2.2 Outcome and exposure factor

The primary outcome of this study was OA diagnosis. To assess OA, individuals aged 20 years and older were asked two specific questions about their arthritis status (19). The first question was, “Has a doctor or other healthcare professional ever told you that you have arthritis?” Those who answered “yes” were then asked, “What type of arthritis was it?” Participants identifying their condition as “Osteoarthritis or degenerative arthritis” were categorized as having OA. The self-reported “definite” OA aligns with clinical diagnoses in up to 81% of cases, indicating a high level of accuracy in self-reported diagnoses (20).

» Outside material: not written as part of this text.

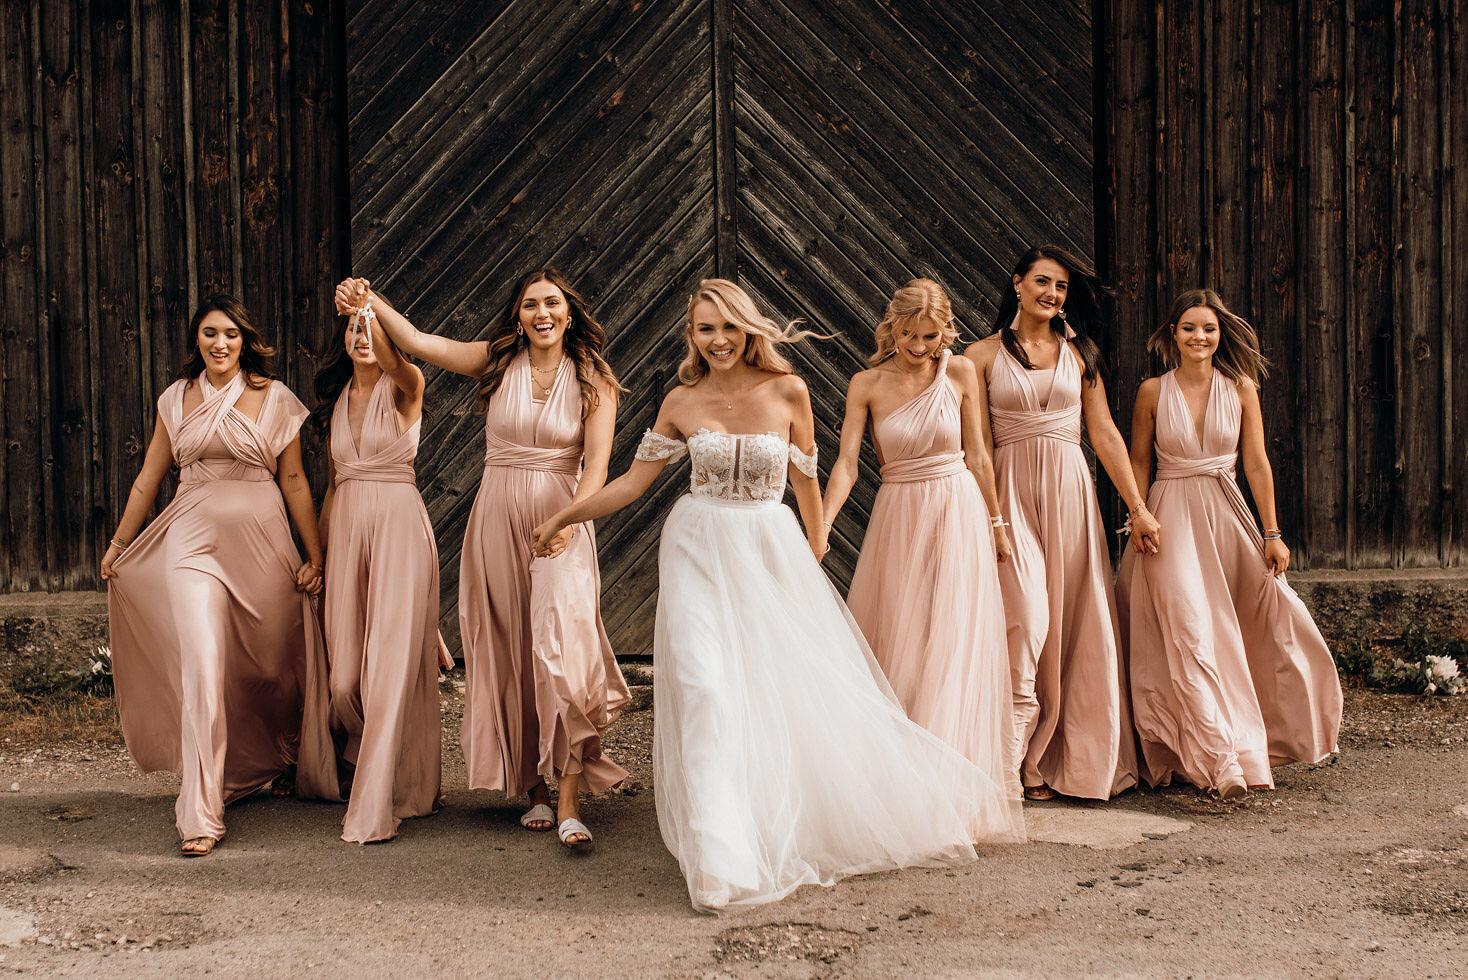 We-Are-Flowergirls-Bridesmaids-Dresses-Bride-PATRIZIA-PALME-©Beloved-Photography-10.jpg

In this analysis, the VAI served as the main exposure variable. VAI was calculated using sex-specific formulas according to previously reported equations (21): for men, the equation was waist circumference/[39.68 + (1.88 × BMI)] × (triglycerides/1.03) × (1.31/HDL-C); for women, the formula was waist circumference/[36.58 + (1.89 × BMI)] × (triglycerides/0.81) × (1.52/HDL-C), where both TG and HDL levels are expressed in mmol/L (22). The participants were divided into tertiles based on their VAI values for further statistical analyses.

2.3 Selection of covariates

During the home interviews, the NHANES staff gathered data through questionnaires that covered various participant characteristics, including age, sex, race/ethnicity, education, marital status, family income, smoking habits, alcohol consumption, sleep disorders, and the presence of diabetes. Race/ethnicity was categorized as non-Hispanic White, non-Hispanic Black, Mexican American, and other ethnic groups. Education levels were grouped as less than high school, high school or equivalent, and greater than high school. Family income was classified based on the poverty income ratio (PIR) into low (< 1.30), middle (1.30y income was clas (≥ 3.50) income brackets. Alcohol intake was categorized by whether participants consumed ≥ 4 drinks per day, whereas smoking status was categorized as former, current, or never.

As part of the laboratory examinations during the 2011–2018 NHANES cycles, blood samples were collected following stringent protocols for analysis. At baseline, the following biomarkers were measured: alanine aminotransferase (ALT), aspartate aminotransferase (AST), alkaline phosphatase (ALP), blood urea nitrogen (BUN), total calcium, total cholesterol (TC), serum glucose, and serum uric acid (SUA).

2.4 Statistical analyses

To analyze the NHANES dataset, incorporation of sampling weights and design variables is essential because failure to do so may result in biased estimates and inflated significance levels. Therefore, our analysis followed NHANES guidelines by employing a complex sampling design and applying the appropriate sampling weights. The data used in this study were obtained from home interviews and a Mobile Examination Center (MEC) during the NHANES survey. In accordance with the NHANES guidelines on survey sample weights, the MEC weights were used in this analysis, with 2011–2018 weights calculated as 1/4 of the 2-year MEC weight (23).

Continuous variables with a normal distribution were expressed as the mean ± standard deviation (SD), whereas categorical variables were presented as frequencies and percentages. Categorical variables were analyzed using the chi-square test and normally distributed continuous variables were analyzed using one-way ANOVA of variance to compare the differences between the different VAI groups.

To assess the effect of VAI on OA, binary logistic regression models were applied to calculate odds ratios (OR) and 95% confidence intervals (CI), while adjusting for relevant covariates. The VAI was treated as both a continuous and a categorical variable with three levels. Covariate selection has been described in the existing literature (24). Three regression models were used: Model 1 was unadjusted; Model 2 was adjusted for age, sex, race, education, marital status, PIR, smoking status, alcohol intake, moderate recreational activity, sleep disturbances, and diabetes; and Model 3 was additionally adjusted for ALT, AST, ALP, BUN, total calcium, TC, glucose, and SUA levels.

We employed a restricted cubic spline model to explore the potential non-linear dose-response relationships between VAI and OA, assessing non-linearity by including a quadratic term in the regression. Based on the results of the smoothing curve, a two-piecewise linear regression model was used to investigate the threshold effects after adjusting for confounding variables. Predefined subgroup analyses were performed based on the clinical interest and previous scientific literature.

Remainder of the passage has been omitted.